The change of direction of flow as the piston passes the BDC to TDC is chiefly
responsible for charge stratification. At light loads the fuel is injected after BDC
i.e. during compression stroke. Air is moving from main chamber to
Prechamber, and all the fuel already in the prechamber gets compressed and
forms and ignitable mixture near the spark plug while main chamber contains
only lean mixture. Due to blast of flame from flame prechamber the lean
mixture in the main chamber is burnt. At full load fuel is injected before BDC
and is intimately mixed with air resulting in uniform combustion.
With proper design of the intake port fuel is injected during the compression
stroke at some suitable angle. The swirling air forces the fuel droplets to follow
a spiral path by virtue of drag forces and directs them towards the centre of the
combustion chamber where spark plug is situated. A good degree of
stratification is produced – a rich ignitable mixture near the spark plug over the
full load range and leaner mixture away from it. Near the walls almost pure air
is present. Thickness of this pure air layer decreases as the load increased.
CVCC was trademarked by the Honda Motor Company for an engine with
reduced automotive emissions, which stood for “Compound Vortex Controlled
Combustion“. This technology allowed Honda’s cars to meet United States
emission standards in the 1970s without a catalytic converter and to pass the
1975 standards of the Clean Air Act.
The name was a last minute decision amongst Honda Executives as they
weren’t sure how to reveal the newly thought of design without giving away it’s
features. “Even though we had determined the possibility, we were still in the
middle of research,” Date recalled. “In fact, we were still processing our patent
application. This meant that the name of the engine had to be contrived
carefully, in order that the public announcement not reveal even a part of its
structure. And we were as yet undecided about how to supply fuel. We got our
heads together to come up with a name that was unique; something that had a
bit of punch to it.” Date, Yagi, and Nakagawa immediately convened in the
reception room at Honda R&D Center, in order that they might come up with a
name for Honda’s new engine.

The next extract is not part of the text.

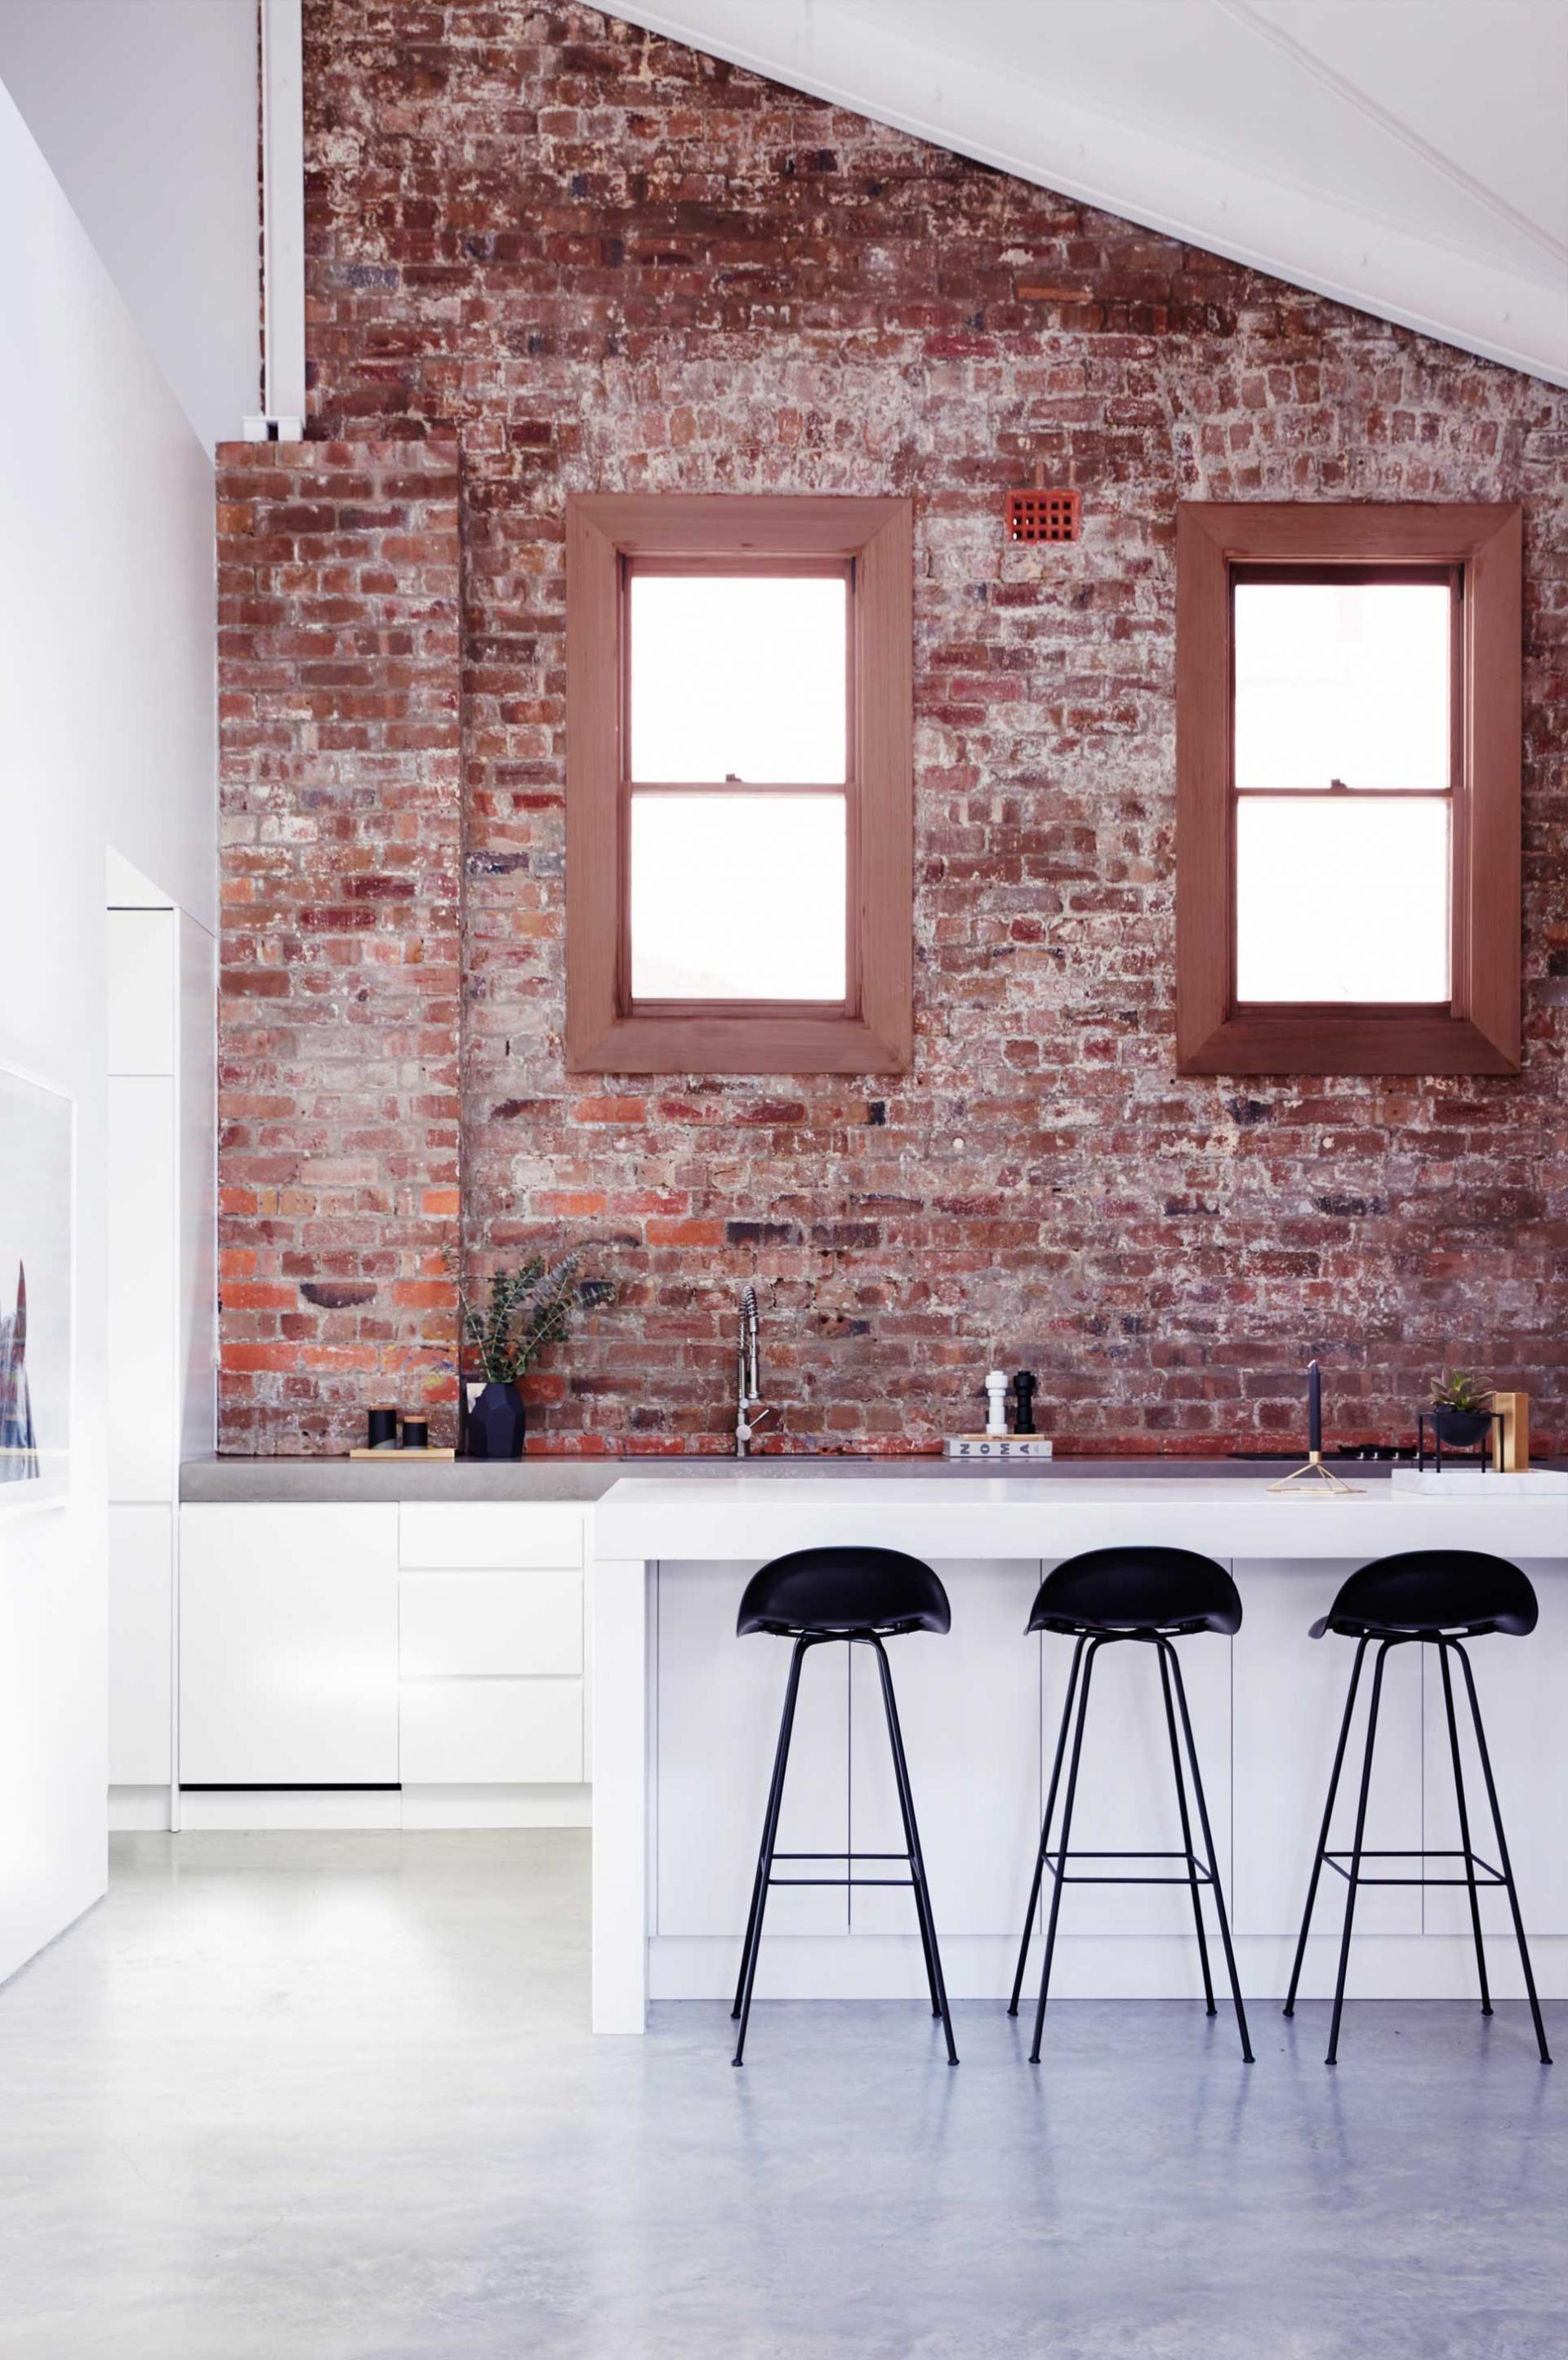 An Industrial Loft Like Family Home Brick Interior Brick Interior Wall Brick Wall Kitchen

The official name they decided on just before the
announcement was “CVCC”.
Soichiro Honda held a news conference on February 12, 1971, at the
Federation of Economic Organizations Hall in Tokyo’s Ote-machi. There he
announced, “We now have the prospect of developing a reciprocating engine
that meets emission regulation standards for 1975. We will launch the
commercial production of this engine in 1973.”
In 1972, a 100 Units were made at the Saitama Plant and placed in Nissan
Sunny bodies for bench testing. The results started to showed up and it
incredibly worked and lowered CO, NOx, and HC emissions. It soon become
one of Honda’s crowning achievements in combustion engines for low emission
vehicles. Picture above shows Soichiro Honda (founding father of the Honda
Motor Company) at the debut of the CVCC engine to journalists around the
world at Tokyo’s Akasaka Prince Hotel on October 11, 1972.
Gasoline Direct Injection (GDI) is certainly not new. The first known
application of this technology was introduced in 1925 in a Hesselman engine for
airplanes. Cars starting using it in the 50’s with the Mercedes Benz Gullwing
(1953) having this technology. It certainly wasn’t the same as the technology
we use today, but had the foundations of this operational platform.